Sex education and disease programs fall squarely within what James Madison called the “numerous and indefinite” prerogatives of the states to decide for themselves: “all the objects which, in the ordinary course of affairs, concern the lives, liberties, and properties of the people, and the internal order, improvement, and prosperity of the State.”

Abortion advocates have gotten around this basic truth by leaning on the Progressive-era invention of a difference between “formal freedom” (the absence of government coercion preventing you from doing something) and “effective freedom” (practical factors such as cost making it infeasible for you to exercise that right). That’s why we hear not of real infringements upon the right to things like contraception, but infringements upon “access” to it.

But this still can’t rightly prevent the states from defunding Planned Parenthood, the first reason being that the Progressive interpretation of “access” has no valid constitutional standing for the reasons explained above. To go from guaranteeing that everyone has the opportunity to pursue what they want to guaranteeing the outcome itself would require so much control of the citizenry that it would defeat the whole point of the limited, free government the Constitution was meant to create.

Second, we’re not even talking about eliminating any particular services here. Nobody’s questioning or threatening STD treatment and testing or sex education. These are state programs that will continue regardless of how the court rules. The only thing at stake is whether Planned Parenthood needs to be one of the groups to help carry them out.

Beyond the terms of a contract, it’s preposterous to suggest there’s any legal imperative to contract with a specific entity on a state function.
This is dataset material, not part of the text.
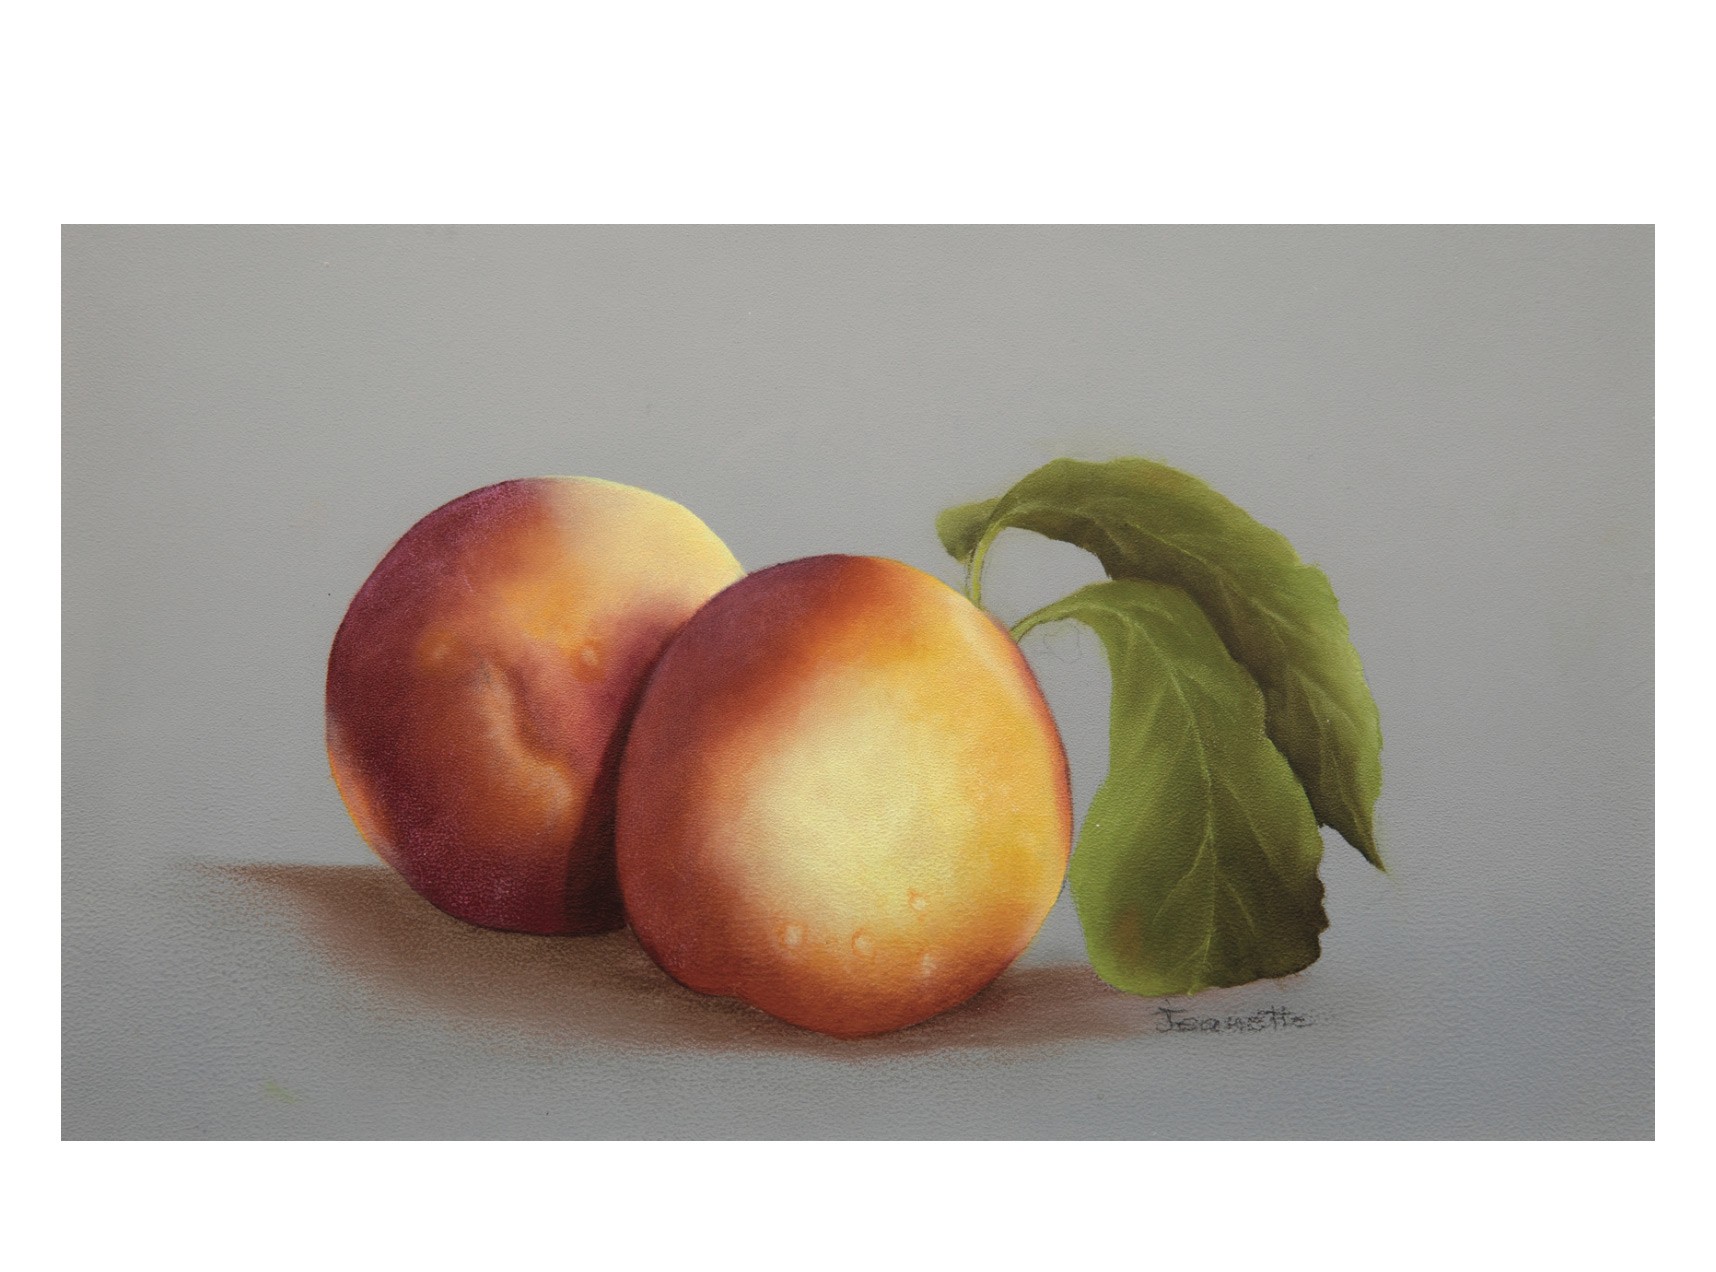 Blank - Peaches and Cream by Jeanette Bishop
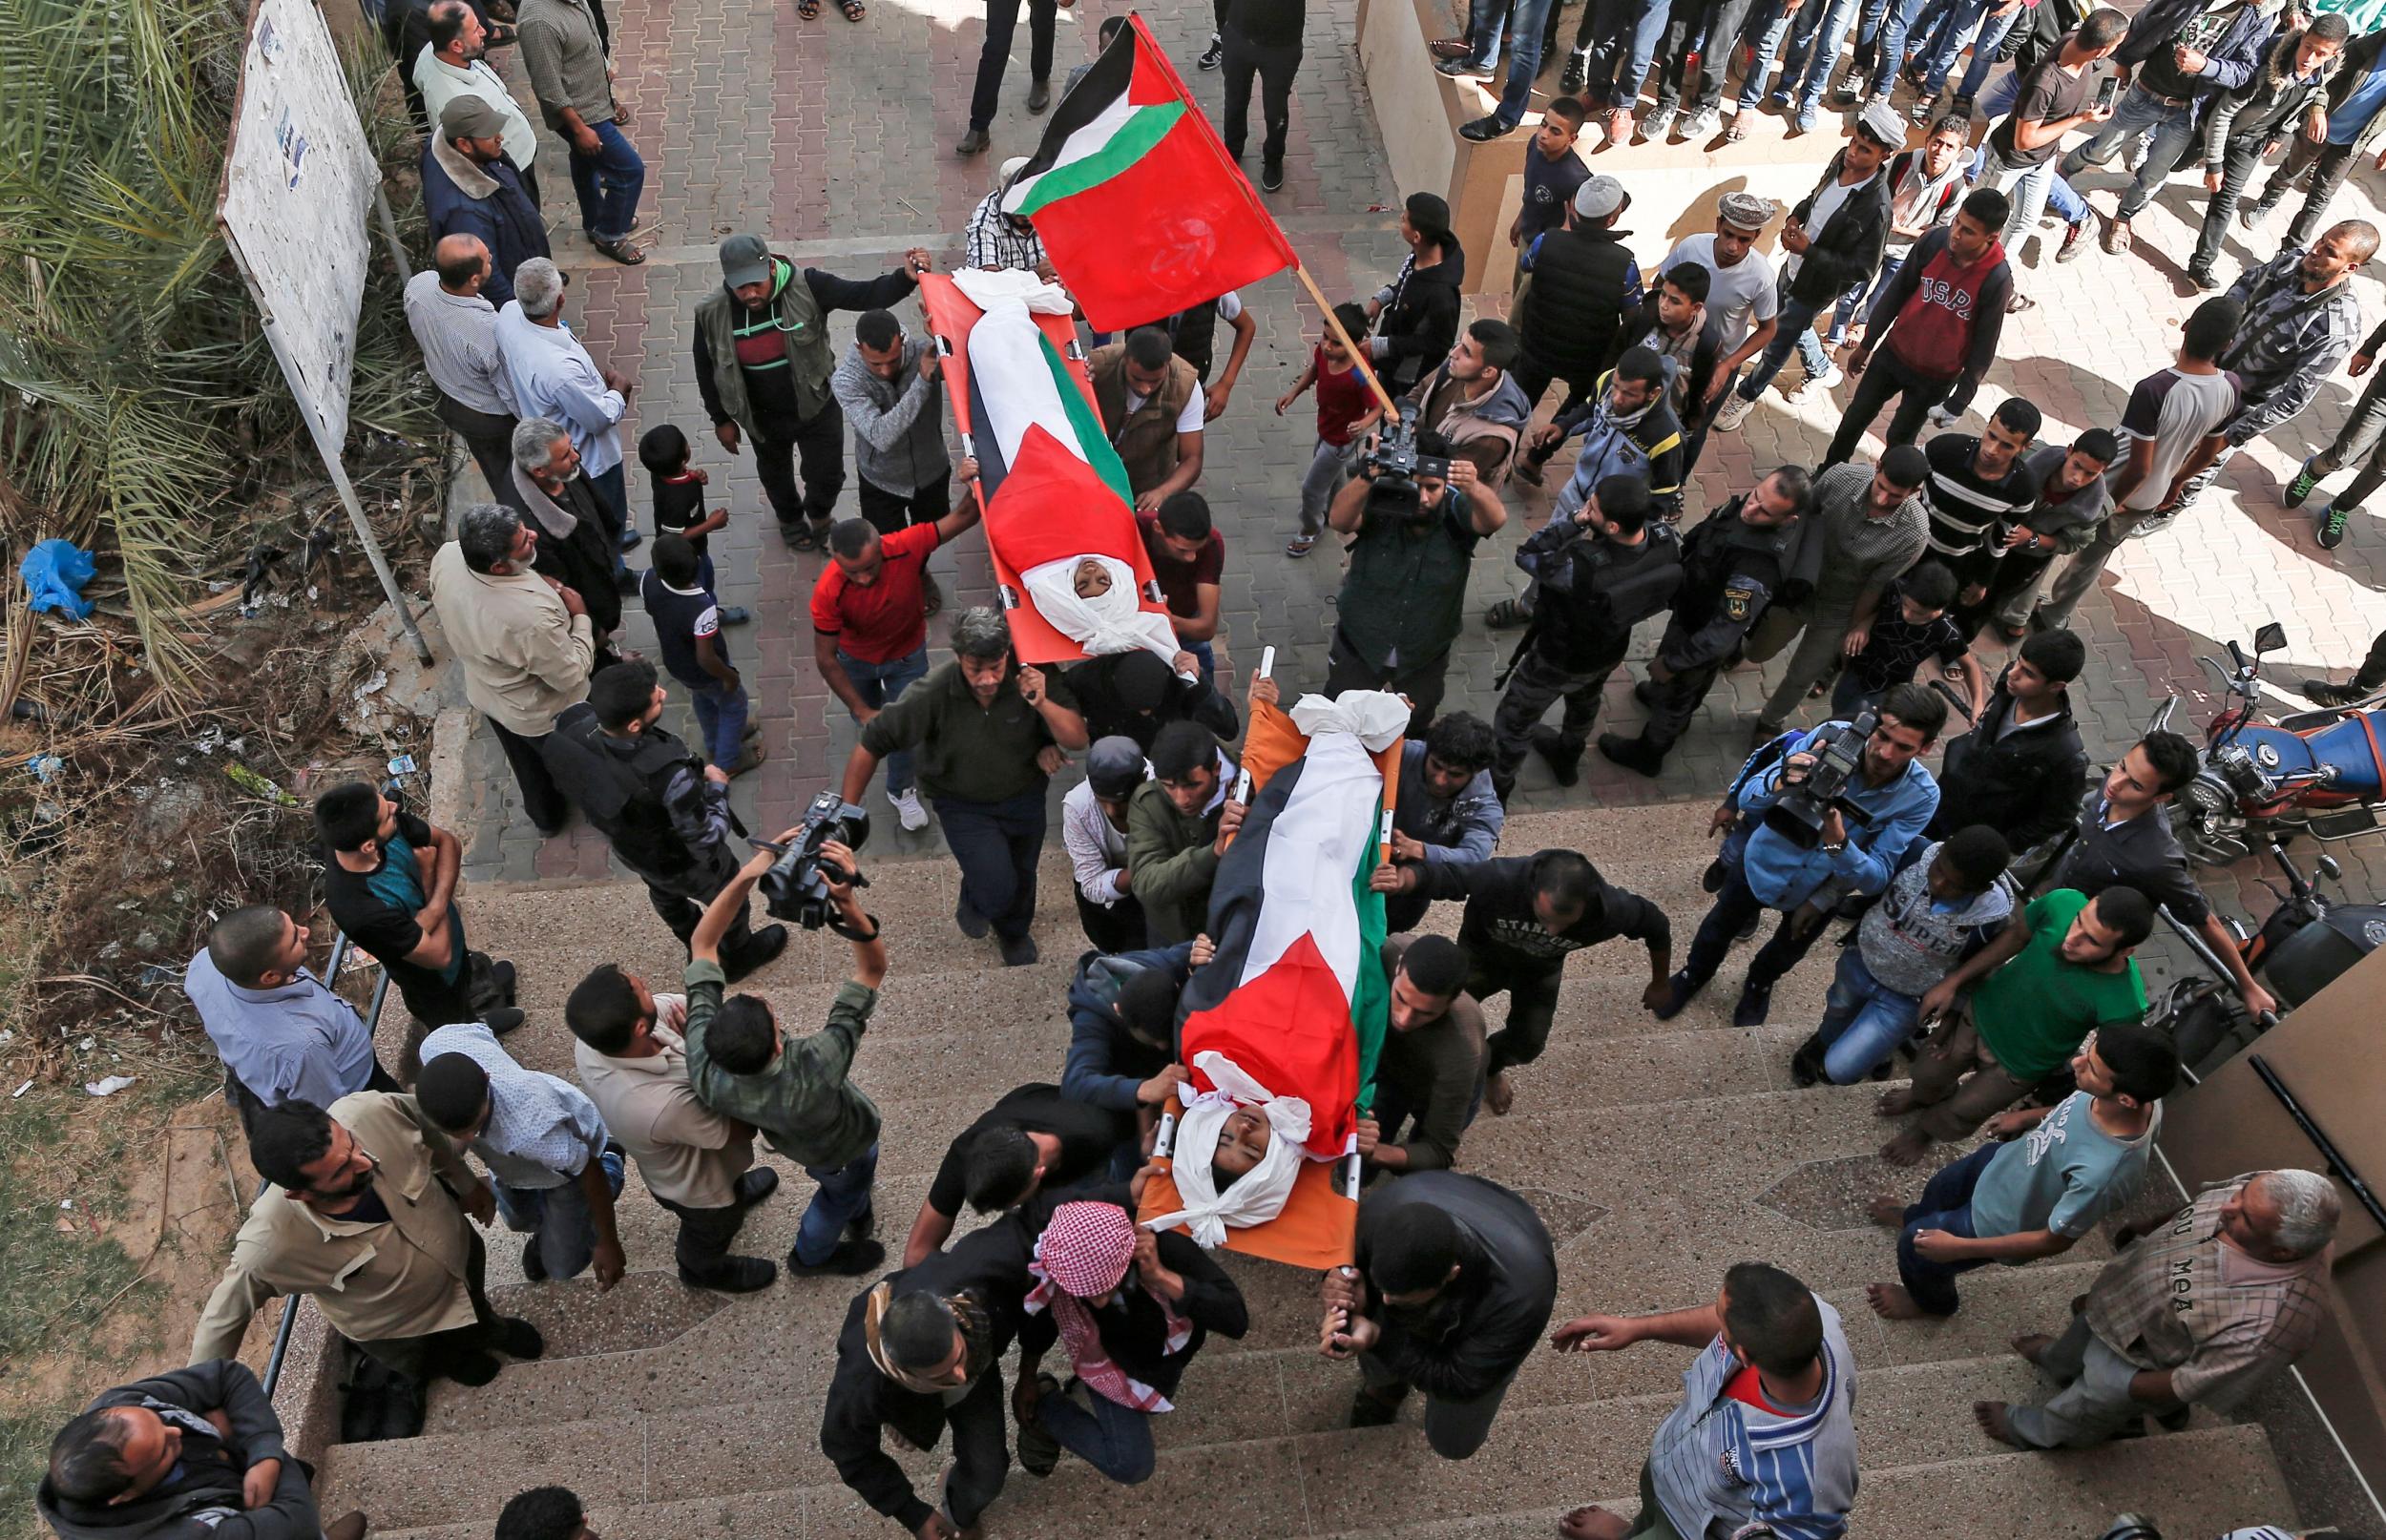 Palestinian mourners carry the bodies, draped in their national flag, of two of the three teenagers who were killed in an Israeli strike during their funeral in Deir el-Balah in the central Gaza Strip Photo: MAHMUD HAMS/AFP/Getty Images

This is precisely the sort of discretion that is supposed to be exercised every day: who can provide the service most effectively? What other problems might a certain partner bring to the table? How are we being the most responsible stewards of the people’s money?

If somebody else can use the money Planned Parenthood had been getting to do the job as well or better, without disrespecting the taxpayers’ consciences or miring the state in the depravity of Planned Parenthood’s other activities, then where’s the problem? There is absolutely no reason to care that the same people are getting the same information and treatment from another organization.

Unless, of course, Planned Parenthood is more important to you than educating the young or helping the lives of people with severe illnesses. It’s never about the law, about the patient, or about the children. It’s always about whatever is good for Planned Parenthood, no matter who else has to suffer along the way.